CBS Laboratories or CBS Labs (later known as the CBS Technology Center or CTC) was the technology research and development organization of CBS. Innovations developed at the labs included many groundbreaking broadcast, industrial, and consumer technologies.

CBS Laboratories was established in 1936 in New York City to conduct technological research for CBS and outside clients. The CBS Laboratories Division (CLD) moved from Madison Avenue in New York to a new facility in Stamford, Connecticut in 1958.

Dr. Peter Goldmark joined CBS Laboratories in 1936. On September 4, 1940, while working at the lab, he demonstrated the Field-Sequential Color TV system. It utilized a mechanical color wheel on both the camera and on the television home receiver, but was not compatible with the existing post-war NTSC, 525-line, 60-field/second black and white TV sets as it was a 405-line, 144-field scanning system. It was the first color broadcasting system that received FCC approval in 1950, and the CBS Television Network began broadcasting in color on November 20, 1950. However, no other TV set manufacturers made the sets, and CBS stopped broadcasting in field-sequential color on October 21, 1951.

Goldmark’s interest in recorded music led to the development of the long-playing (LP) 33-1/3 rpm audio disc, Which became the standard for incorporating multiple or lengthy recorded works on a single disc for two generations. The LP was introduced to the market place by Columbia Records in 1948.

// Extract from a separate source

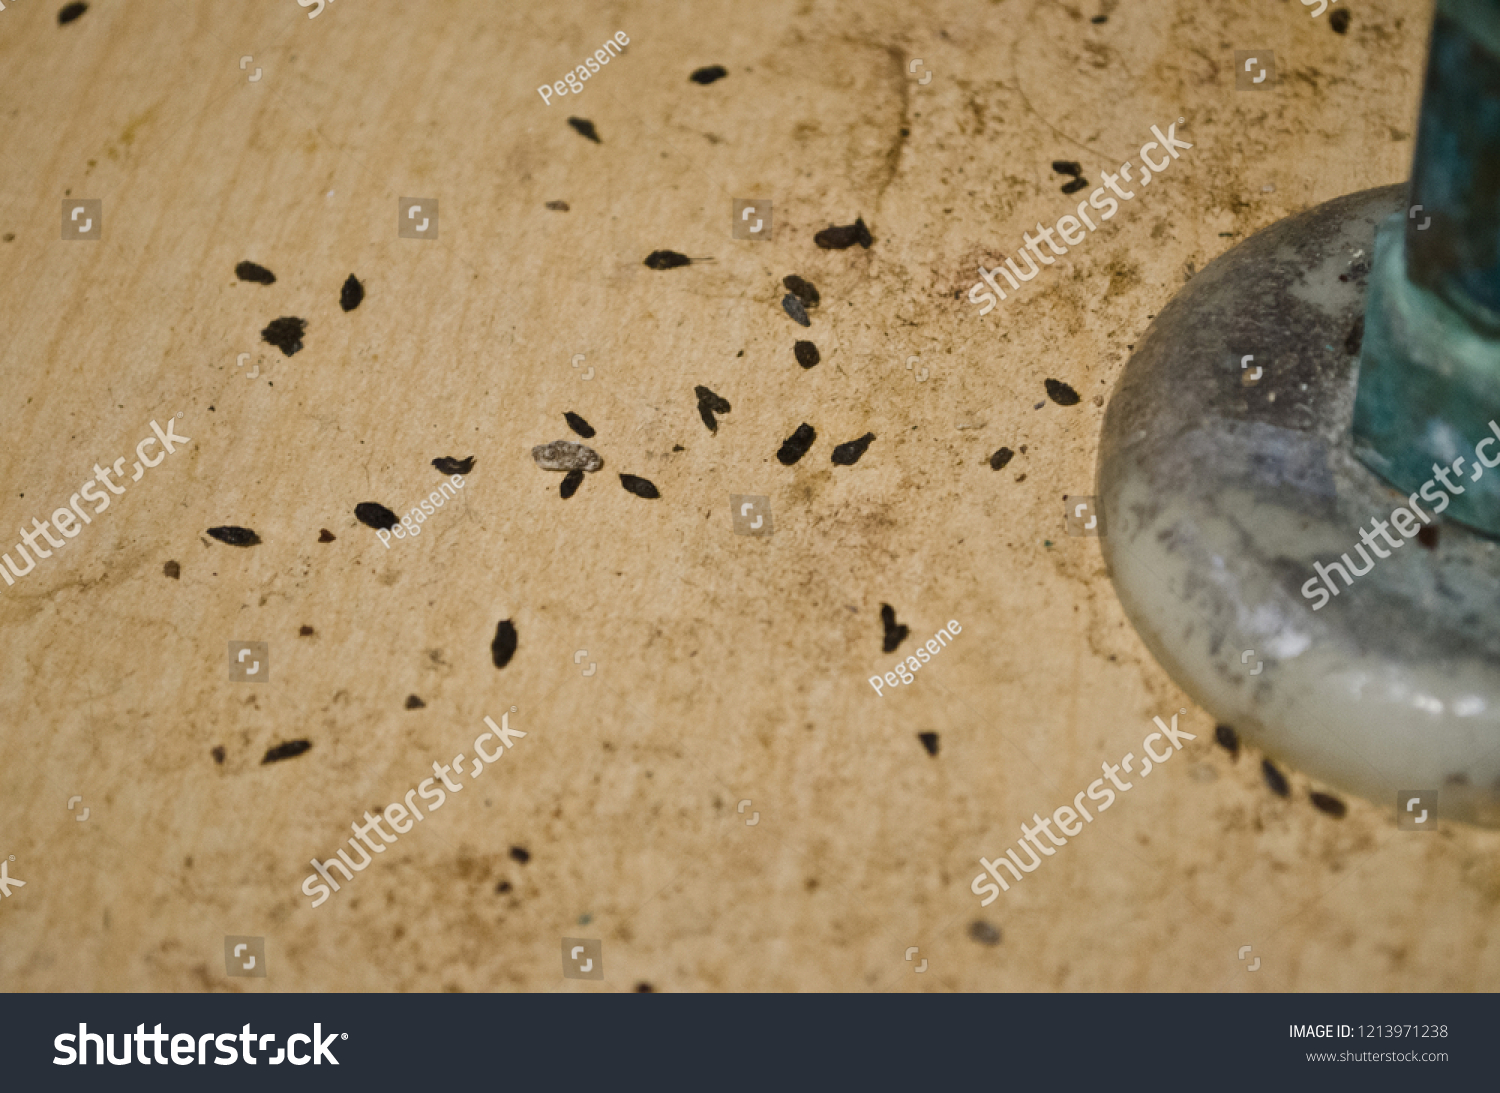 Mouse Poop Turds Feces Under Bathroom Stock Photo Edit Now 1213971238,Chipmunk Repellent Home Remedy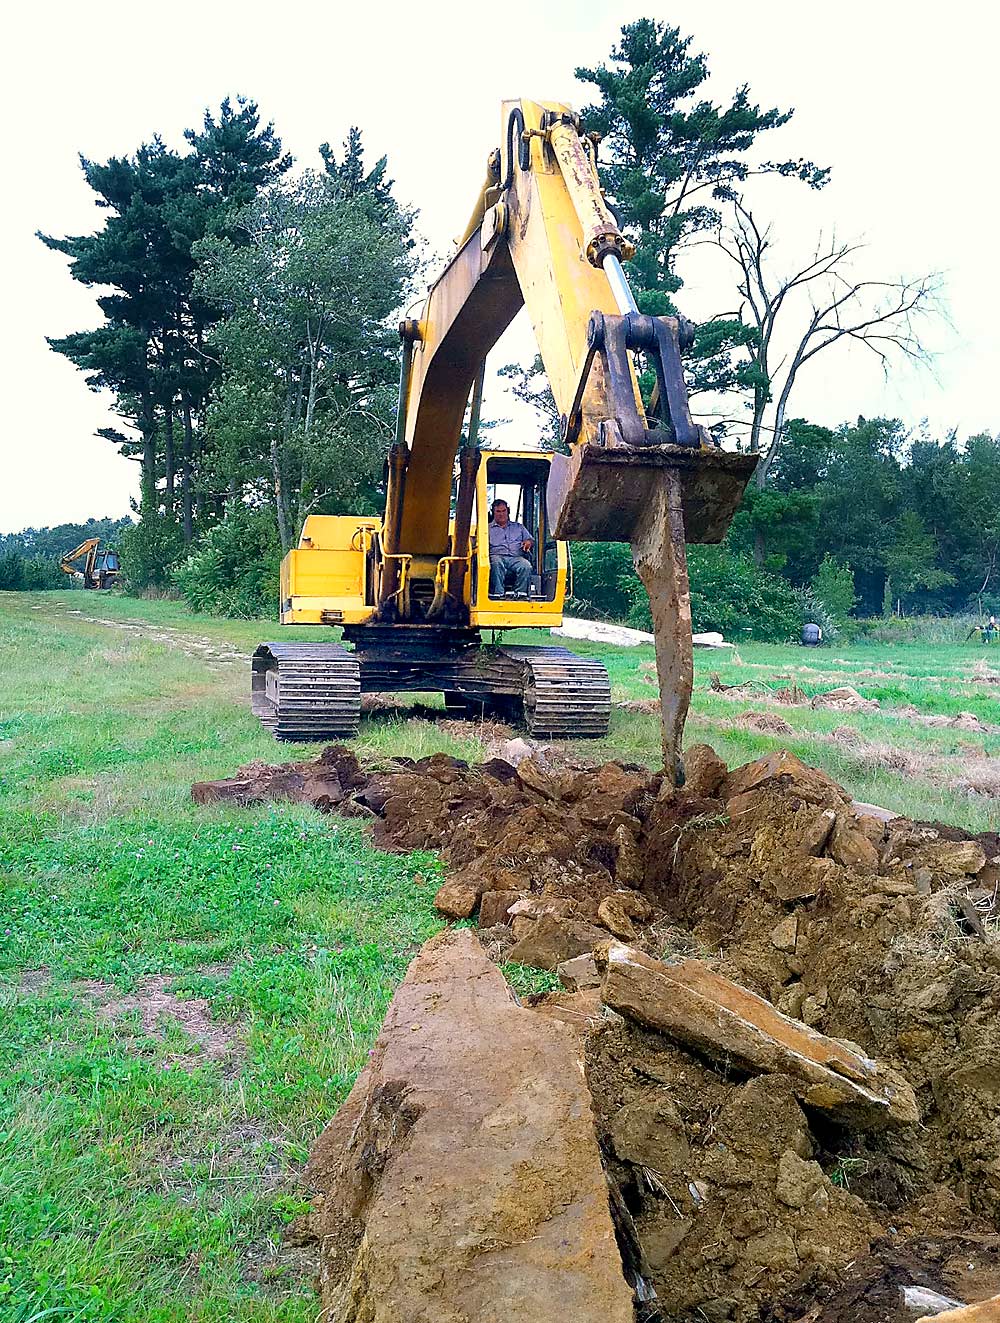 Grower Mo Tougas rips a planting trench for apples at Tougas Family Farm in Northborough, Massachusetts. Note the large rocks. New England growers spend a lot of time and money removing boulders from their soil. (Courtesy Andre Tougas)

In 1959 the CBS Audimax I Audio Gain Controller was introduced. It was the first of its kind in the broadcasting industry. In the 1960s the CBS Volumax Audio FM Peak Limiter was introduced, also the first of its kind in the broadcasting industry. Electronic Video Recording was announced in 1967. In 1966, the CBS Vidifont was invented. It was the first electronic graphics generator used in television production. Brought to the marketplace at the NAB in 1970, it revolutionized television production. The minicam was developed for use in national political conventions in 1968. In 1971, a backwards-compatible 4-channel encoding technique was developed for vinyl records, called SQ Quadraphonic, based on work by musician Peter Scheiber and Labs engineer Benjamin B. Bauer. That same year, CBS Labs Staff Scientist Dennis Gabor received the Nobel Prize in Physics for earlier work on holography. Upon Peter Goldmark's retirement, also in 1971, Senior Vice President Renville H. McMann assumed the role of Labs President.